In Man Push Cart, the strictures of the life in the city prevent human relationships from truly developing. Characters fail each other over and over again, after initially offering the possibility of a redemptive connection. Ahmad meets the slick, successful Mohammad (a sometimes awkward Charles Daniel Sandoval), a potential friend and benefactor who remembers him from his former life in Pakistan; but Muhammad’s good intentions result only in further disappointment and humiliation for Ahmad. At the same time, Ahmad is courting Noemi (in a sweet, but shallow performance by Leticia Dolera), a kind Spanish girl working at a newsstand and missing her native Barcelona.
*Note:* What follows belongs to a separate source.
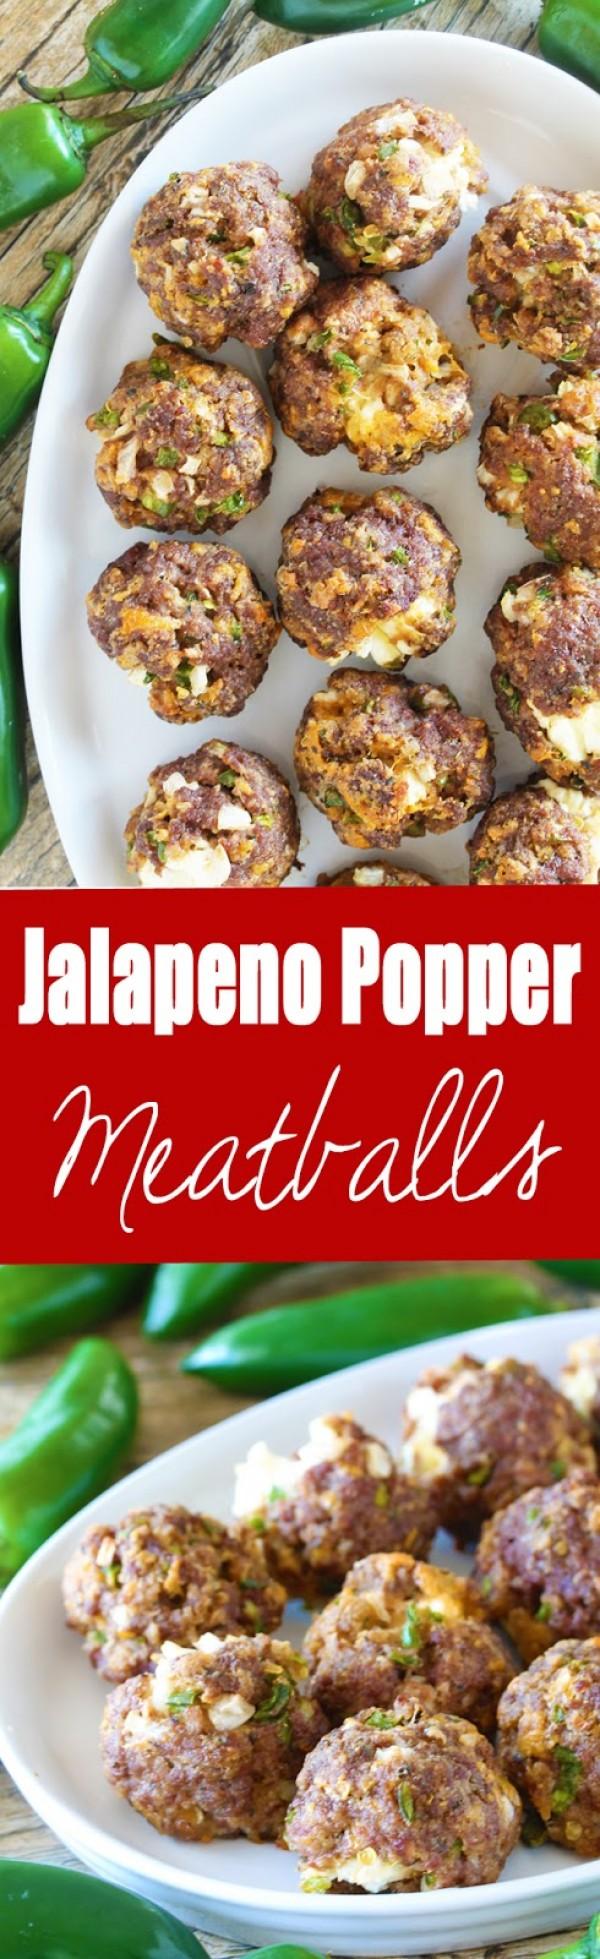 Get the recipe Jalapeno Popper Meatballs @recipes_to_go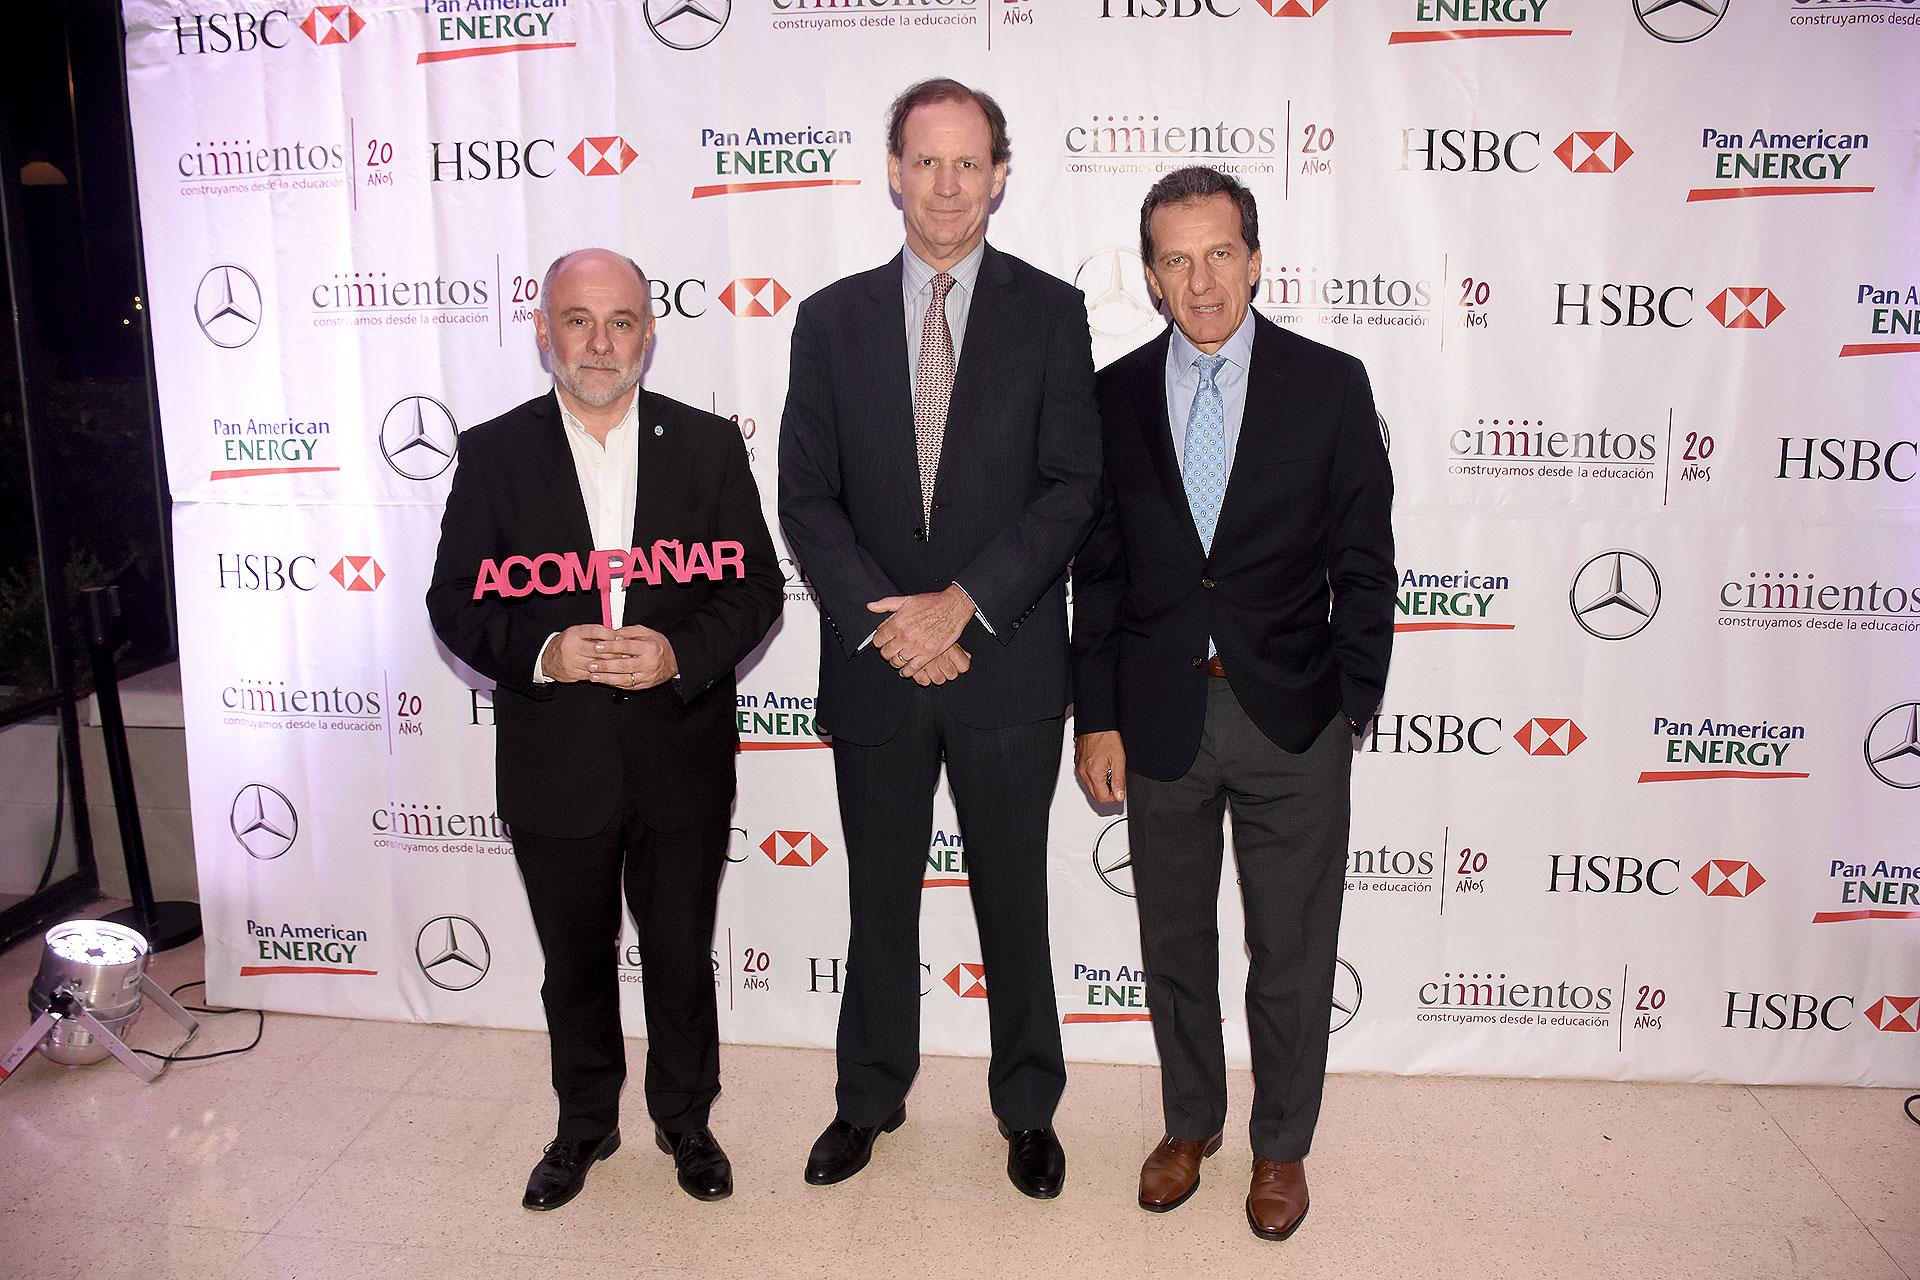 El titular de la Dirección General de Escuelas, Jaime Correas, junto a Miguel Blaquier y Atilio Dell'Oro Maini, director del Grupo Supervielle

Despite their desires, things don’t work out; that’s just how it is in Bahrani’s New York, a city of missed connections, small failures, backbreaking work, and quiet desperation.

While unremittingly bleak in its outlook, Bahrani’s Man Push Cart is a beautifully textured film. Ahmad Razvi turns in a solid performance in a difficult role and Bahrani does an impressive job of walking the fine line between pathos and pity. But the film’s greatest achievement is its languorous visual appreciation of the beauty and despair that coexist in New York, which remains an endless repository of American stories.